Voorzorg in de regelgeving
Gemeenten en provincies kunnen rekening houden met voorzorg bij:
- de zorgvuldige voorbereiding van het besluit
- de deugdelijke motivering van het besluit en
- de evenredige belangenafweging die nodig is bij het besluit.
Nationale regelgeving
De Algemene wet bestuursrecht (Awb) bepaalt in artikel 3:2 dat het bestuursorgaan bij de voorbereiding van een besluit de ‘nodige kennis verzamelt van de relevante feiten en de af te wegen belangen’. Deze bepaling is onderdeel van het zorgvuldigheidsbeginsel. Dit is een ‘algemeen beginsel van behoorlijk bestuur’. Het betekent dat het bestuursorgaan een besluit zorgvuldig moet voorbereiden en nemen.

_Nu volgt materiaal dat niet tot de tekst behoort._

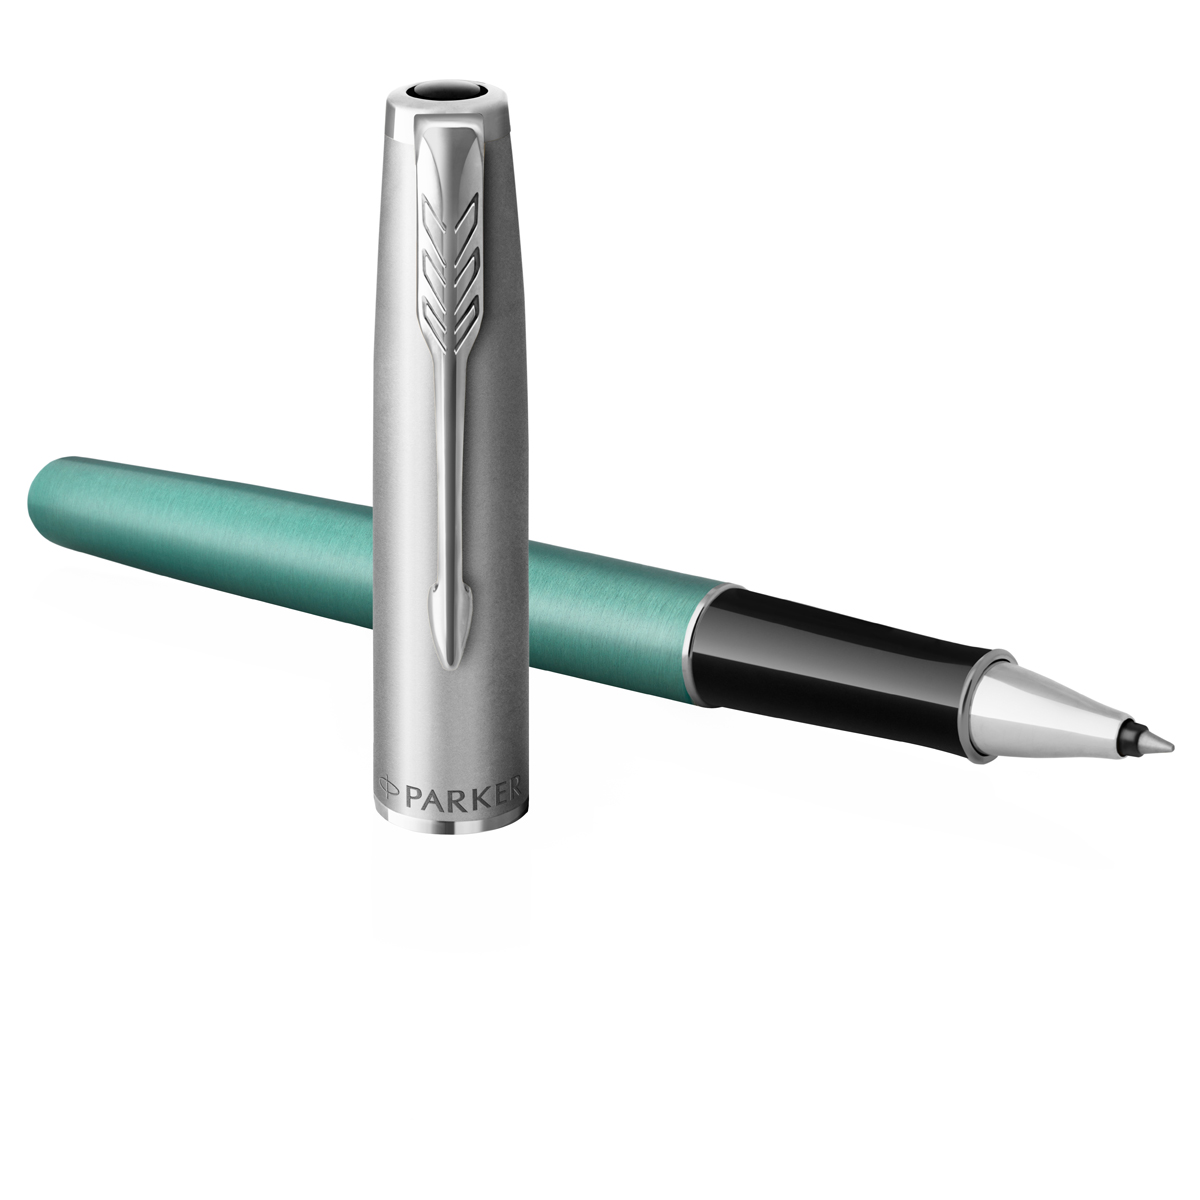 - Parker "Sonnet Sand Blasted Metal&Green Lacquer" , 0,5,

Artikel 3:46 Awb geeft aan dat een besluit een deugdelijke motivering moet hebben. Heeft het bevoegd gezag een regionale of lokale beleidsvisie, waarop het een besluit en de motivering kan baseren? Dan zorgt dat voor een sterkere onderbouwing van het gebruik van voorzorg.
Europese regelgeving
In Europees verband staat de verplichting om het voorzorgsbeginsel toe te passen in artikel 191, tweede lid, van het Verdrag betreffende de werking van de Europese Unie. Dit artikel richt zich op de wetgeving van de Europese Unie. In de Richtlijn industriële emissies komt voorzorgbeginsel onder meer terug in enkele algemene beginselen (artikel 11).
In een mededeling uit 2000 staan de opvattingen van de Europese Commissie over de toepassing van het voorzorgbeginsel door besluitvormers binnen de EU. Bestuurders in Nederland kunnen deze mededeling gebruiken bij hun motivering van voorzorg. De mededeling geeft hiervoor handvatten.